Just chased the kids into the backyard with kitchen knives. Best. Babysitters. Ever.
you know what scares the shit out of me? i have eaten bagel bites since i was a little kid and just in the past five years they started puting "made with real cheese" WHAT THE FUCK WERE THEY USING BEFORE? i mean ive been a bagel biter since the womb
is there a reason why there is cup of piss in the fridge?
no
There is too much vodka and too much dick.
Excused from finishing the term project because my lab partner got arrested. For the second year in a row. Public school, I love you.
The drugs are starting to wear off.
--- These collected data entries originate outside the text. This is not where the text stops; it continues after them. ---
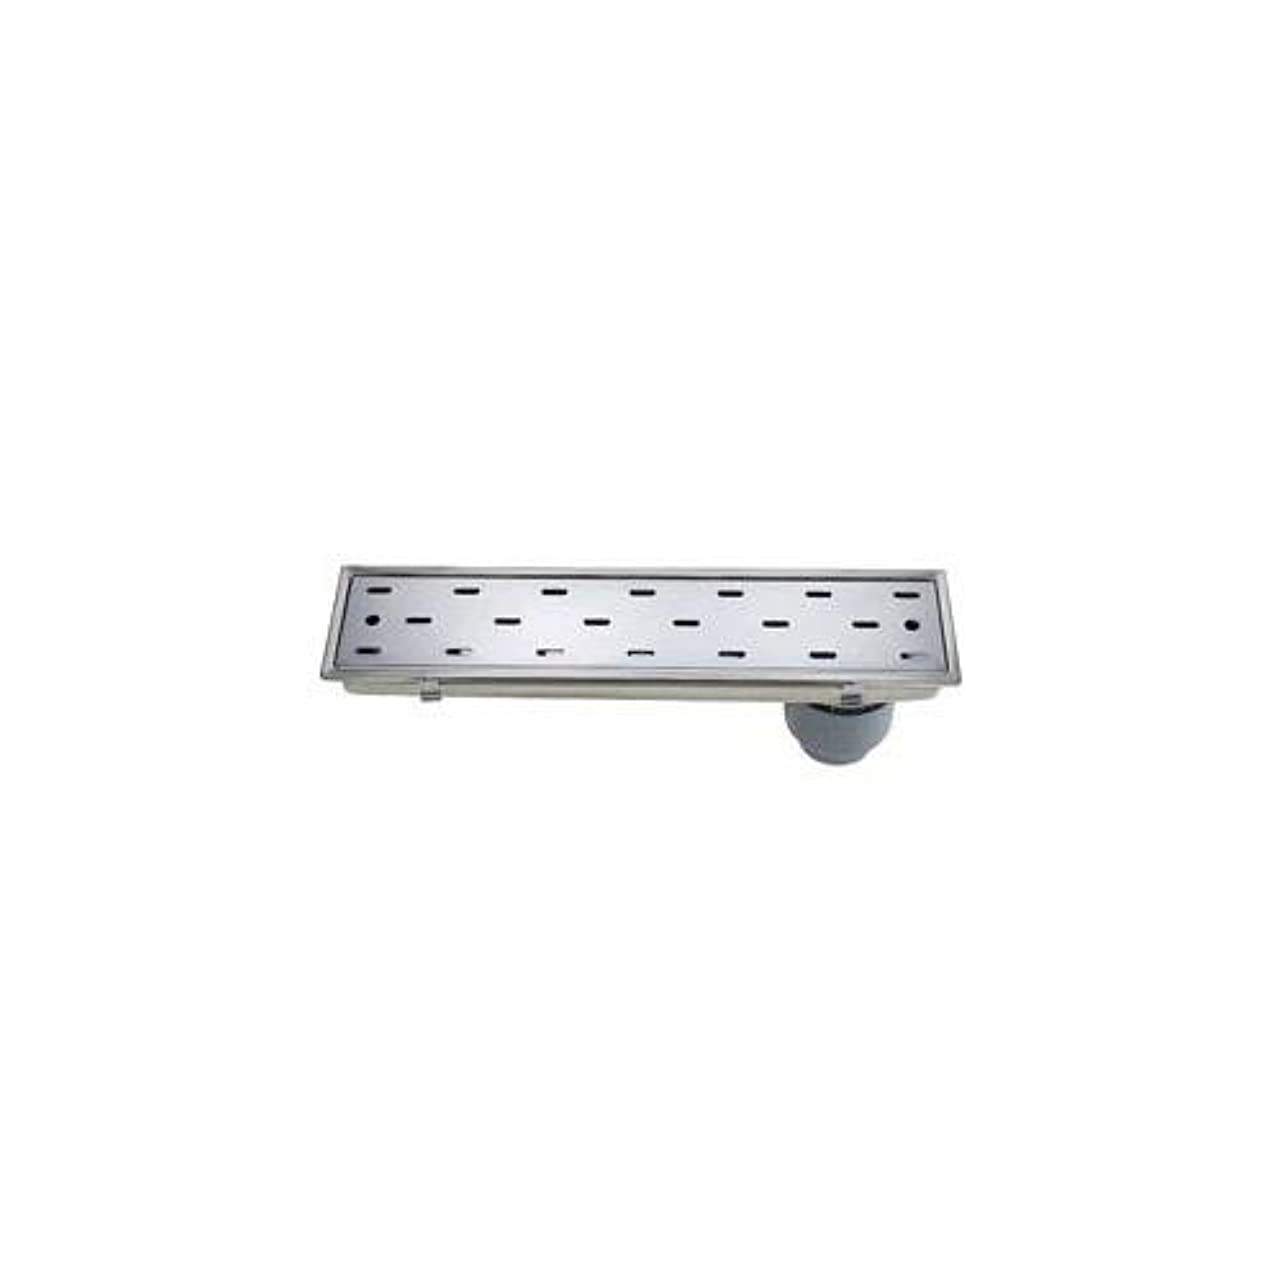 証明するキャッシュごみカクダイ:浴室用排水ユニット 型式:4285-150×900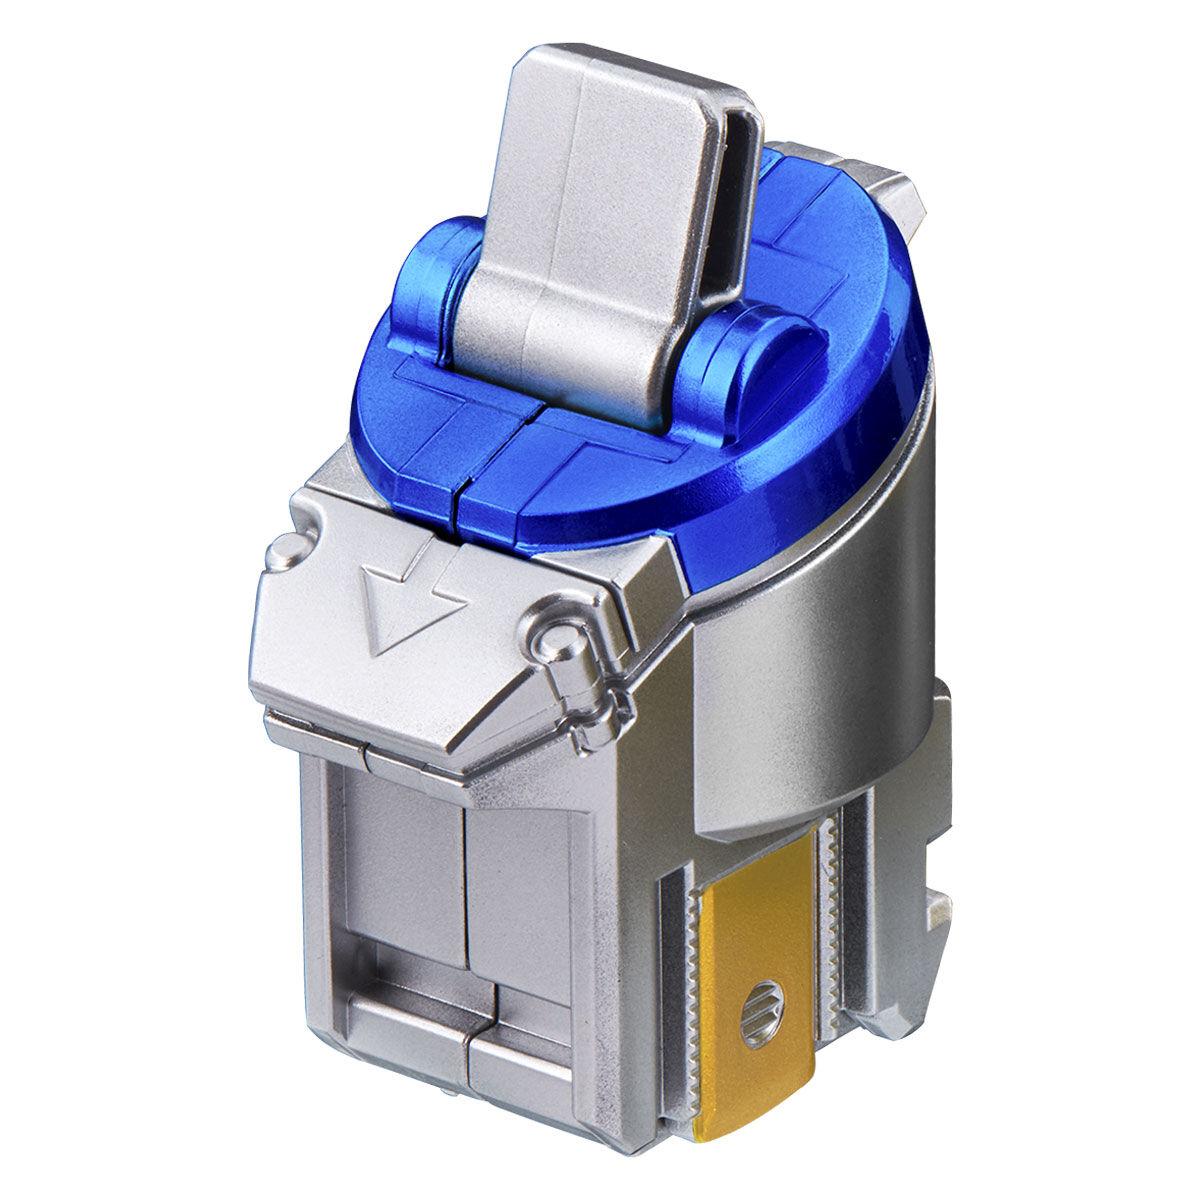 【限定販売】仮面ライダーフォーゼ『変身ベルト DXなでしこドライバー』仮面ライダーなでしこ 変身なりきり-009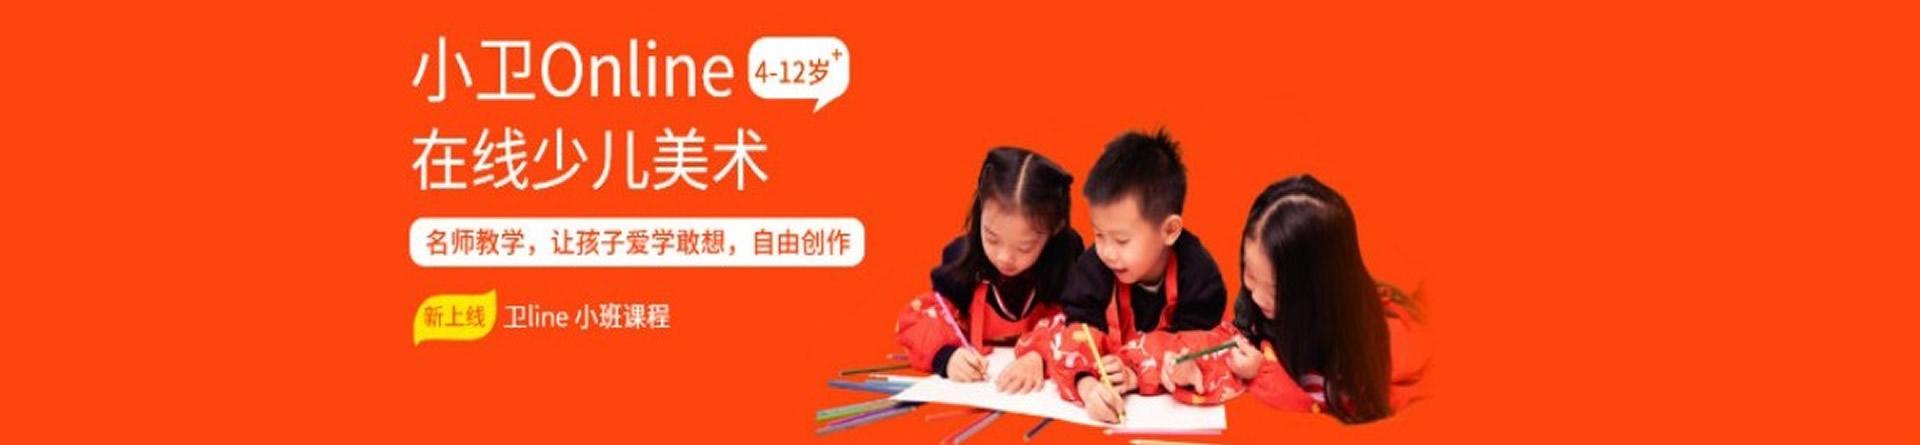 郑州小卫在线少儿美术教育

Suddenly aware there's a girl with bald patches and 2 guys that don't have a full set of teeth between them.
Mid way while flirting with this super hot chick at the bar, he gets up and says no thanks I'm only 19 and gay just waiting for my buddy to hurry up and get with your friend.
The only thought that went through my head was "that would be an absolute disaster" so of course I said yes
We're sitting in the bathtub, eating pizza, doing shots of vvodka and comparing nipples. I havfe never been so comfortable in my life.
What's an appropriate outfit for wearing to hangout with a girl you've talked to once, and had a 4way with?
I gave him a bj as a thank you for helping. I think that's good.
you said you wanted to call me grandma and give me hugs
I just dropped a condom on the floor at costco in front of my girlfriend and her husband. Today is not going to go well.
Took an adderall for the first time in a few weeks. Spent 45 minutes peeling an orange TO PERFECTION.